Meadville Tribune

December 10, 2012

West End first-grader thinks giving, not receiving

By Konstantine Fekos
Meadville Tribune

VERNON TOWNSHIP — How many children write to Santa Claus asking not to receive gifts?

Regardless of guesses and popular opinion, this request makes perfect sense to first-grader Lilly Groover, who instead asked for help purchasing items for the world’s poor.

That such a young girl’s spirit of giving knows no boundaries served to impress not only her family in Meadville, but also her teachers and peers at West End Elementary School in Vernon Township.

“She came to me one night, wanting to help someone in need,” said mother Susan Groover. “We made a list of charities and decided on Samaritan’s Purse.”

In addition to local charities, the Groover family has donated to the international Christian relief group for years via the Operation Christmas Child program, hoping to aid in the organization’s spiritual and physical service to victims of war, poverty, natural disasters and disease in more than 100 countries worldwide.

“It takes a 6-year-old heart to think of something like that,” Susan Groover added. “I started crying when she told me about it; I was so touched.”

The letter, typed on mom’s laptop in late October, circulated around Jennifer Simpson’s first-grade class, sending ripples of excitement that reached the administration office.

“We’re very proud of Lilly for writing the letter, and the class for embracing it,” said West End Elementary Principal Tamara Clark. “It’s very heartening; it really shows the spirit of the community.”

While impressed with the thought coming from students so young, Clark wasn’t surprised by another charity initiative launched from within school walls, having assisted students most recently with Hurricane Sandy relief efforts for East Coast states.

“It’s not charity for the sake of charity,” she explained. “The kids want to make a difference in the world.

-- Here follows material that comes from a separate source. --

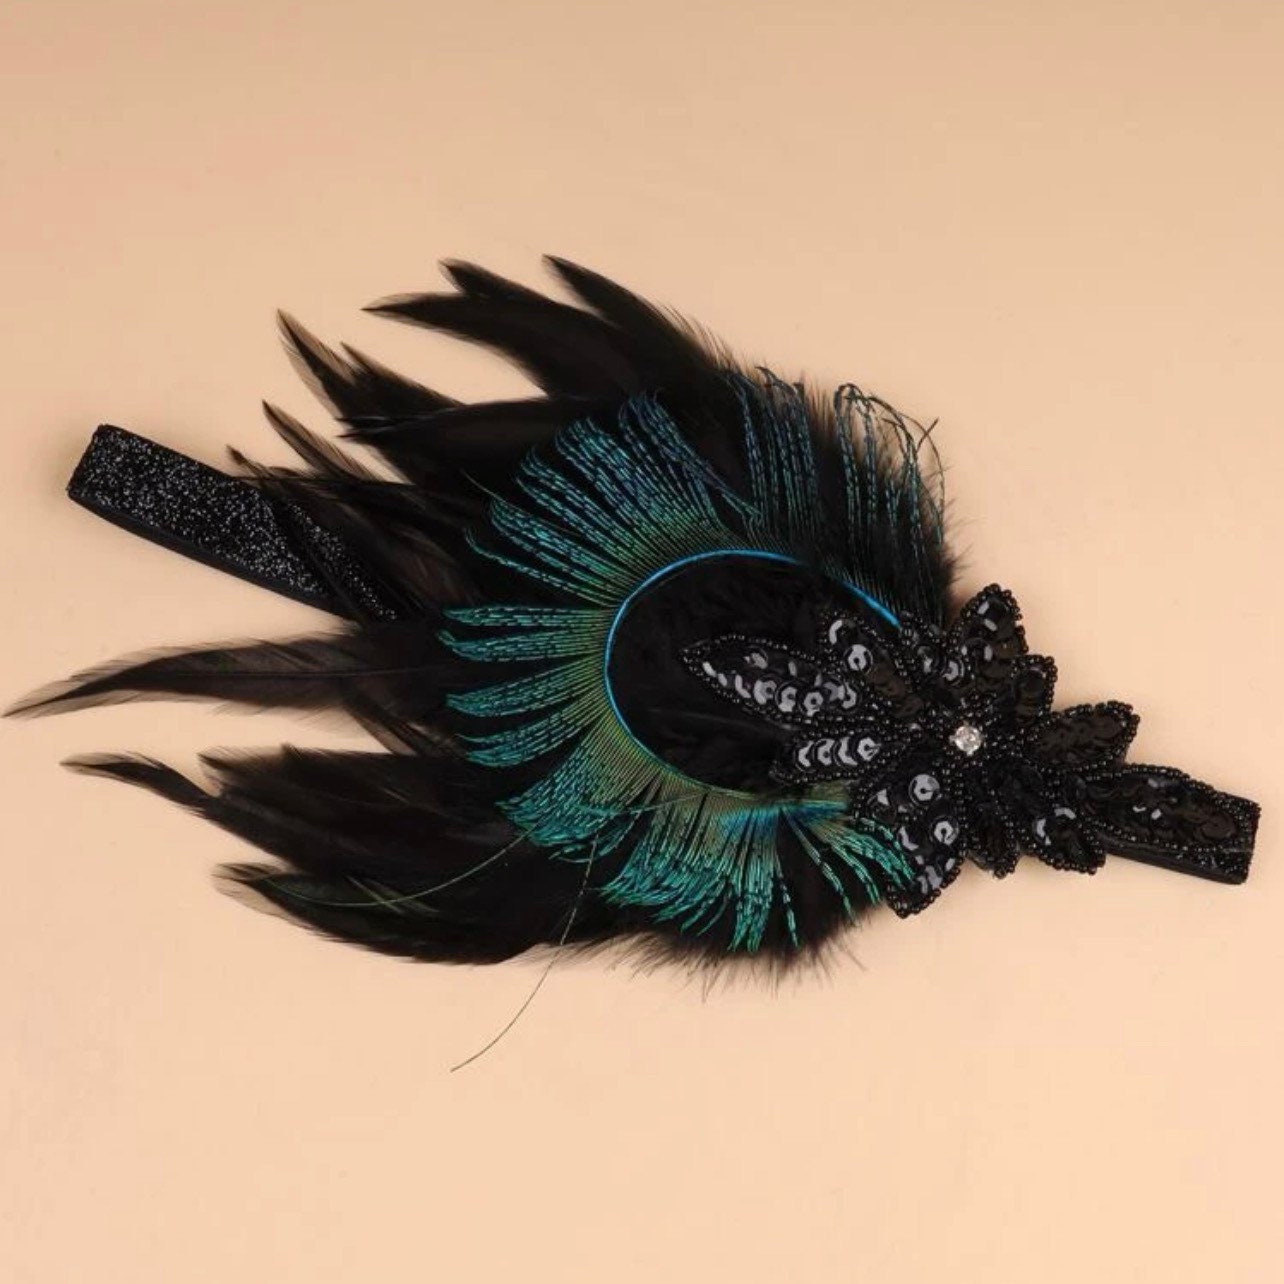 Peacock Feather and Sequin Headband - Halloween Headpiece, Halloween Costume, Feather Headpiece, Flapper Headband

For Lilly to have put together that letter is remarkable.”

Below her introductory request, Lilly Groover listed several preferred items she believes best represent the needs of impoverished nations.

Items, available from the Samaritan’s Purse catalog, include blankets, milk, a week’s worth of food for adults and infants, mosquito nets, baby chicks, rabbits and stuffed lambs, specifically stuffed lambs that read “Jesus loves me,” for holiday significance.

“I am not expecting to purchase every item, but this is my top eight choices out of the catalog,” Lilly Groover writes. “I feel that God has led me to make this important decision to help others this Christmas season.”

Now a ‘class act’

Despite her adamant desire to help those in need, Lilly Groover was originally reticent to share her letter with others, addressing it to relatives and of course, Santa Claus. Overcoming shyness, with the support of her family, she read her letter in front of her class Wednesday morning.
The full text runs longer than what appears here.